Computing the factorial of a number.
■ Local information pertaining to each of the calls to fact(N),
fact(N-1), etc. all the way down to fact(2) is stored on stack.
■ fact (N) would consume O(N) worth of stack space.
Drawbacks of Recursion (Cont.)
◻ Certain computations may be performed
redundantly.
The Fibonacci sequence.
■ In computing F(4), F(2) is computed twice.
■ F(5)?
■ F(3) is computed twice, which involves a computation of F(2),
and there is another computation of F(2) by itself.
■ Things thus get worse as we recursively compute the
Fibonacci sequence for bigger and bigger numbers.
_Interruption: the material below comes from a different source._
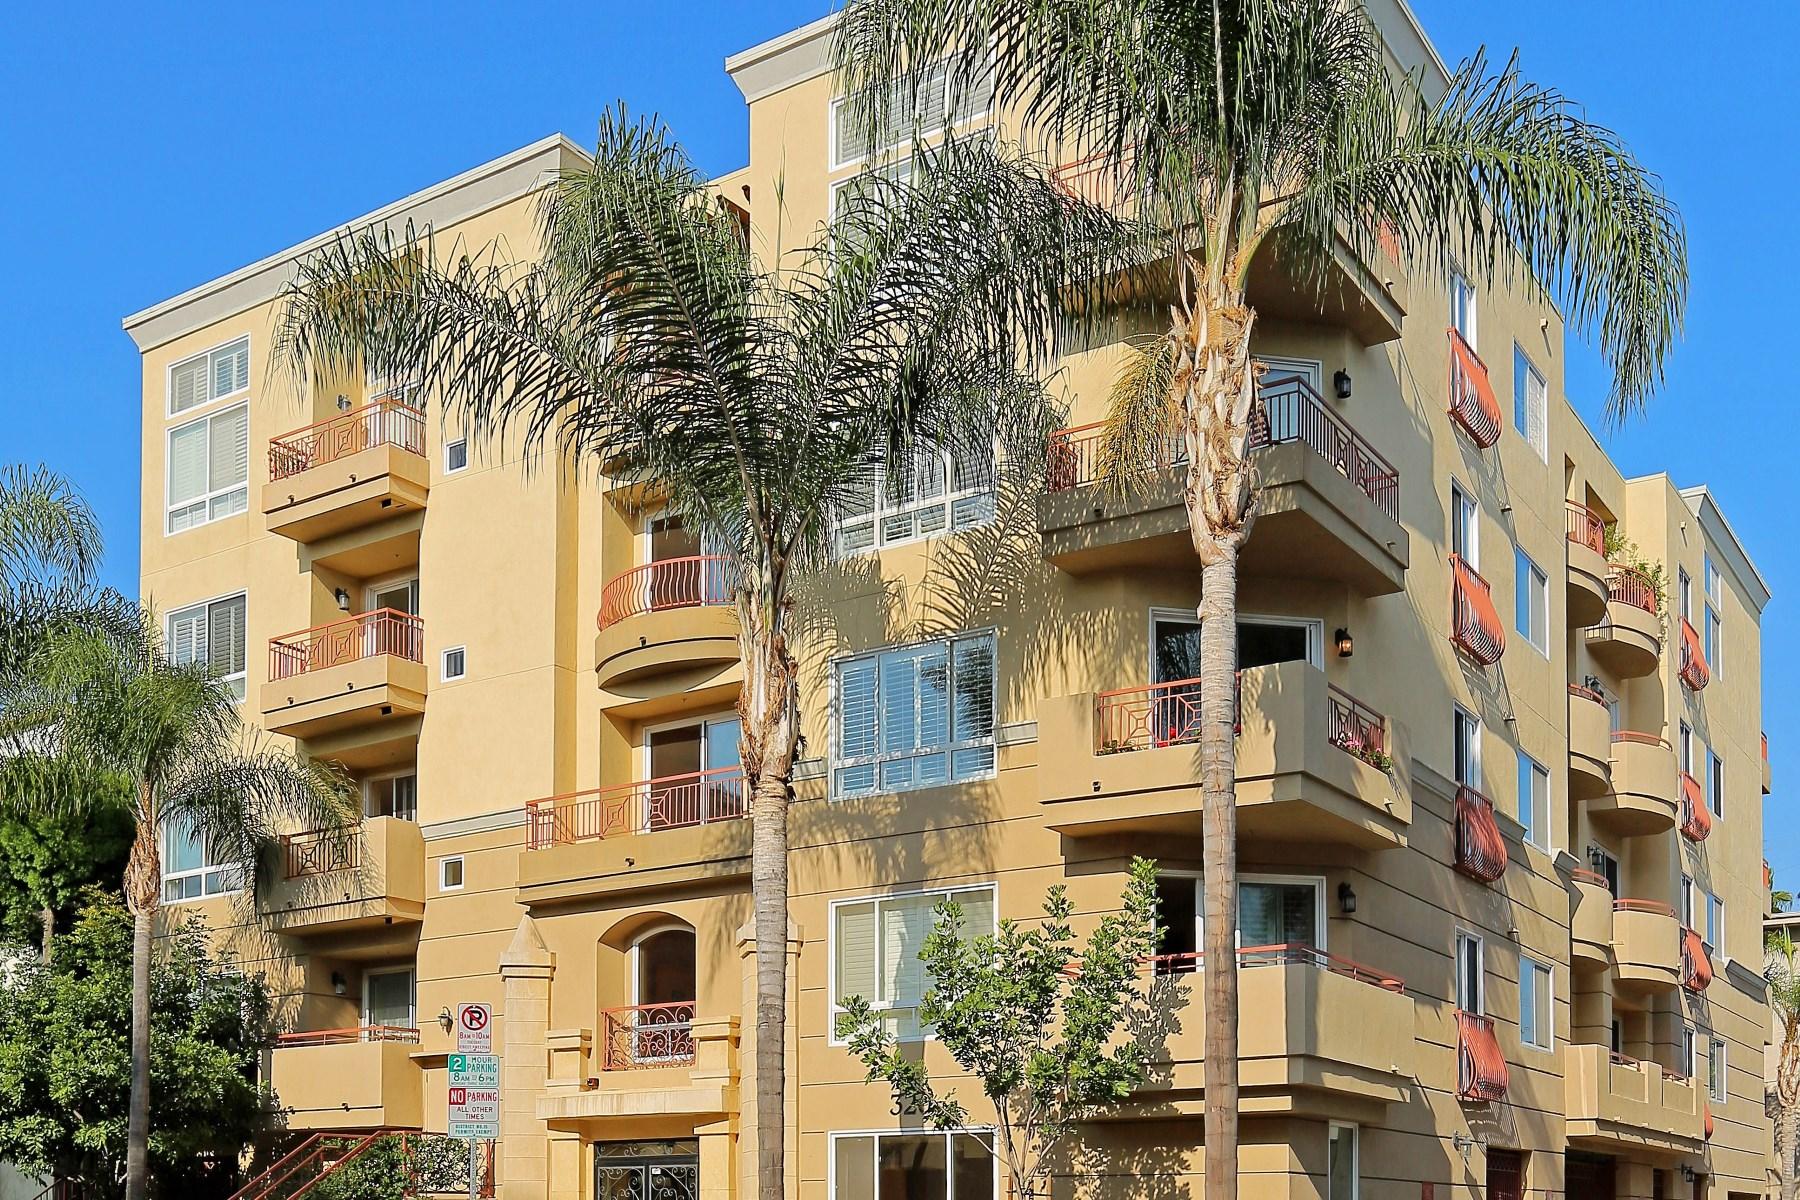 Condominium for Sale at Magnificent Mediterranean Condo 320 S Willaman Drive #304 Beverly Center, Los Angeles, California, 90048 United States

■ Not to mention the stack space used.
Drawbacks of Recursion (Cont.)
◻ One has to weigh the simplicity of code delivered
by recursion against its drawbacks.
When iterative solution is obvious.
There are several problems for which such iterative solutions are not obviously forthcoming.
Summary
◻ Defining the base case is vital.
◻ Building on the base case(s) to solve a problem results in defining the recursive case.
◻ It is not always right to use recursive solutions. Applying recursive on simple problems may result in inefficiency in terms of time and redundancy (Fibonacci).
◻ Recursion is simple, efficient, and elegant solution if applied to the right problem (Towers of Hanoi).